#### Instructions for the task
Leaving the pictures aside, return all of the data below exactly.

#### Data excerpt
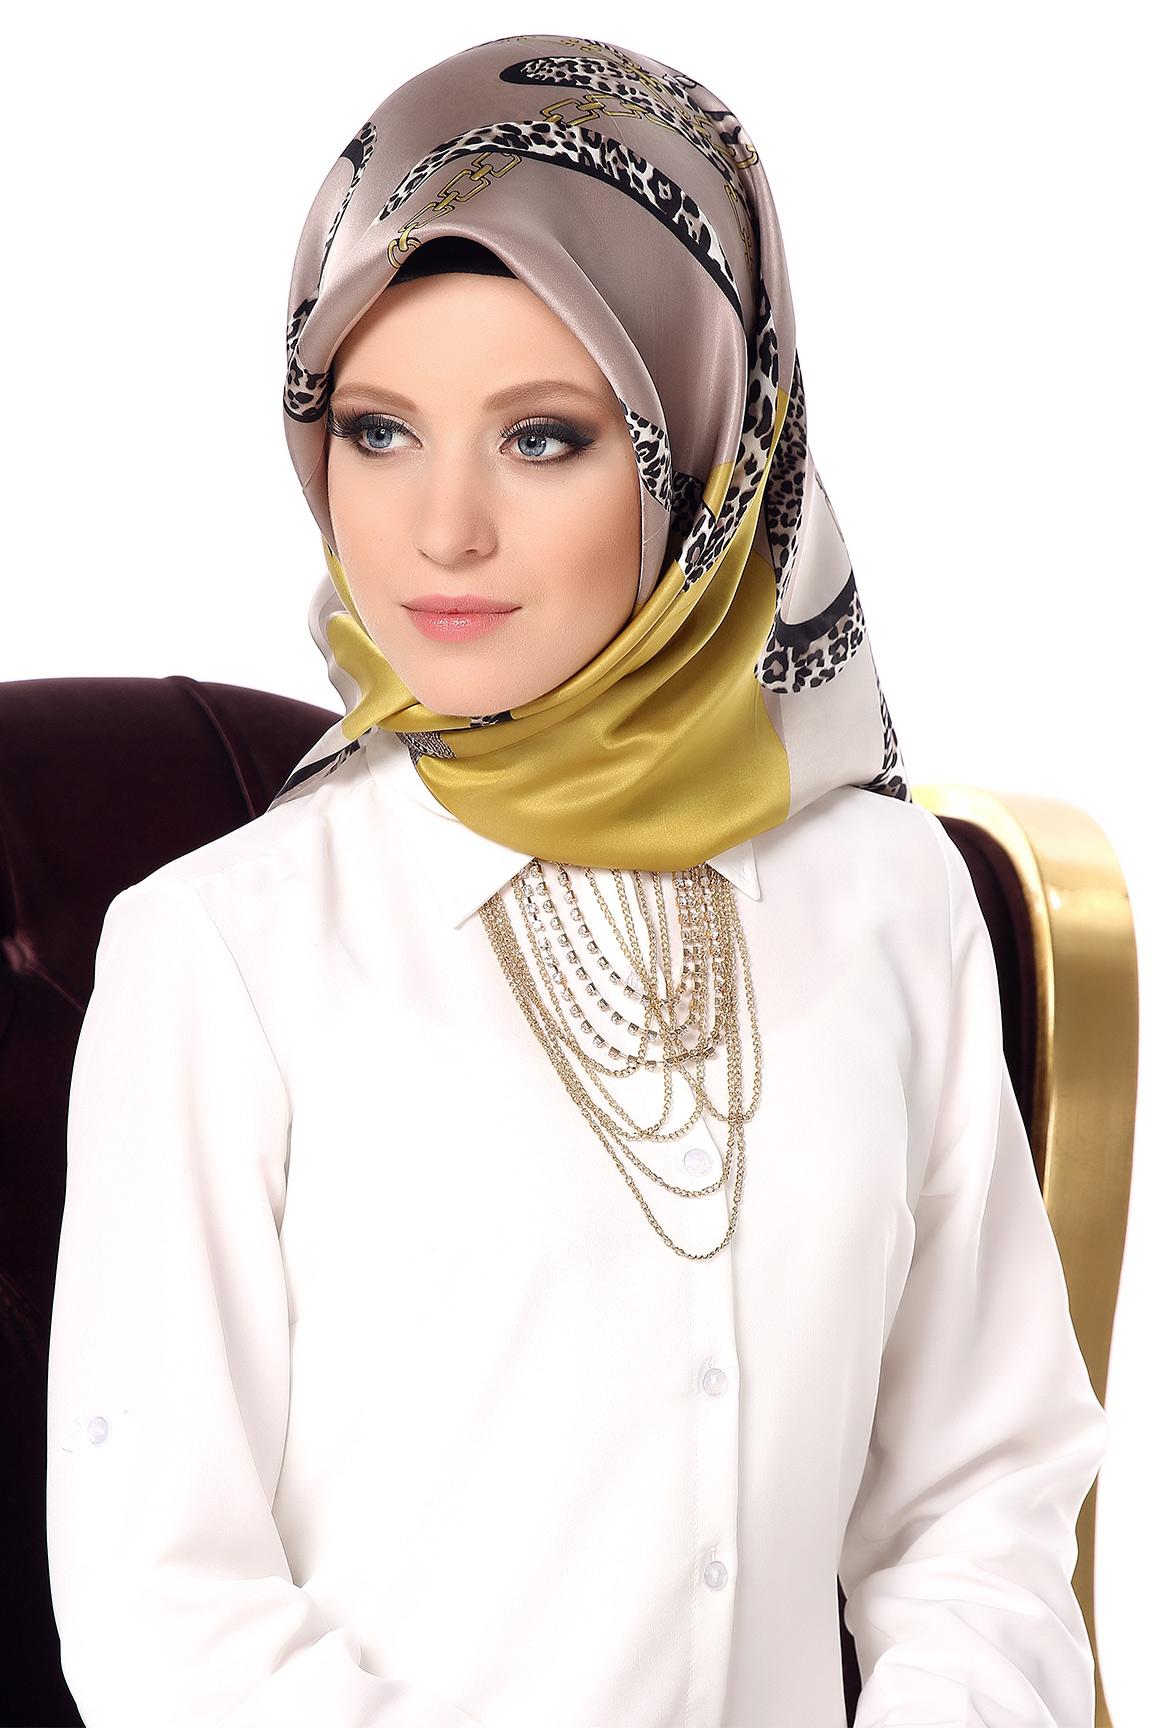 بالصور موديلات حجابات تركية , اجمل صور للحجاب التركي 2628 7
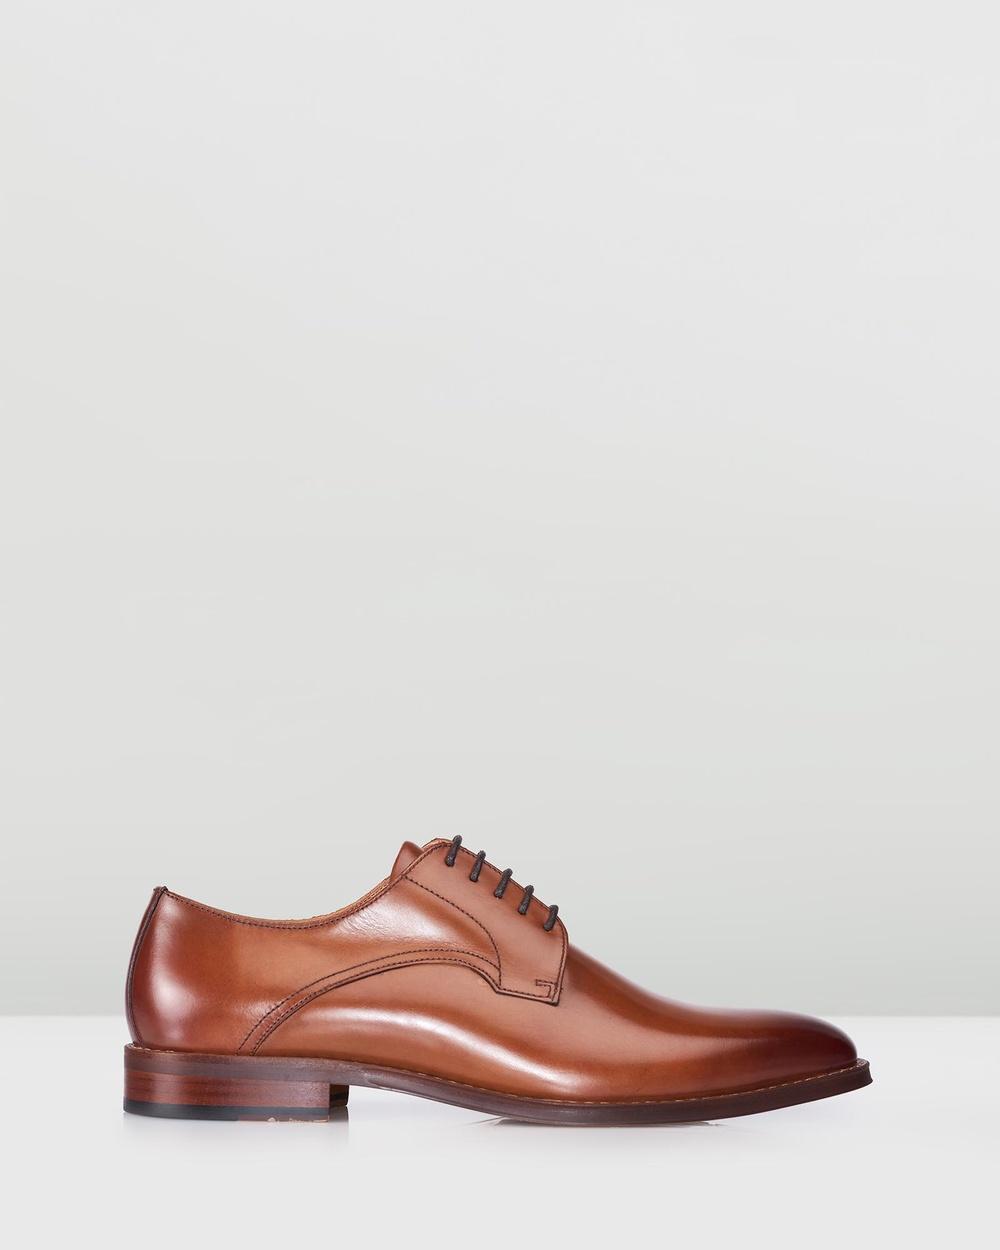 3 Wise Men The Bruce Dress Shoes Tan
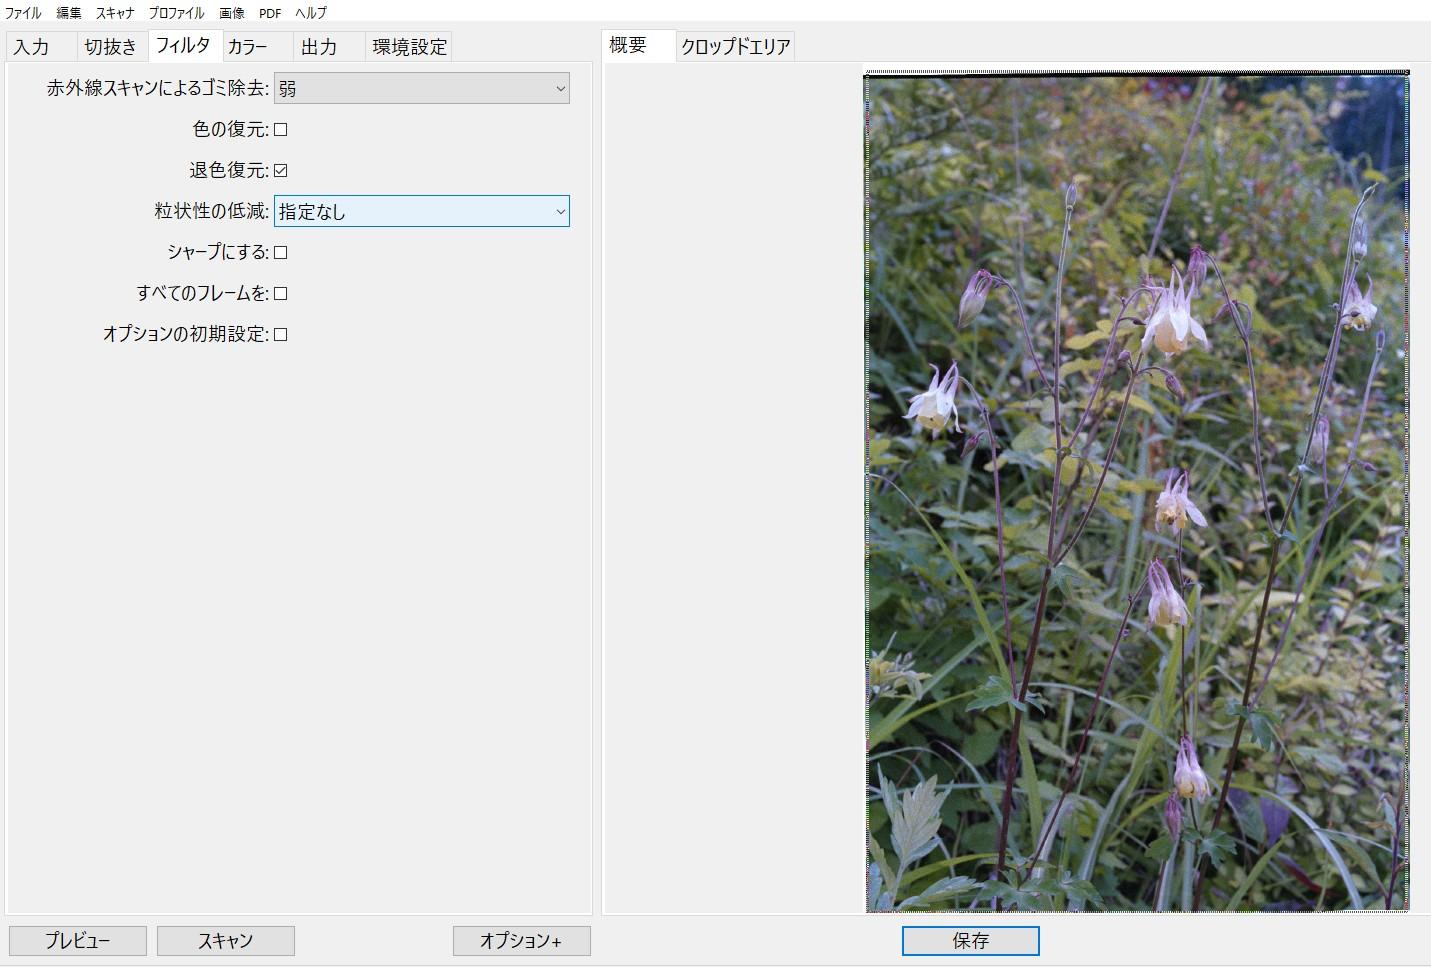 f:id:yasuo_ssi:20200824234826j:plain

#### Task answer
 بالصور موديلات حجابات تركية , اجمل صور للحجاب التركي 2628 7
 3 Wise Men The Bruce Dress Shoes Tan
 f:id:yasuo_ssi:20200824234826j:plain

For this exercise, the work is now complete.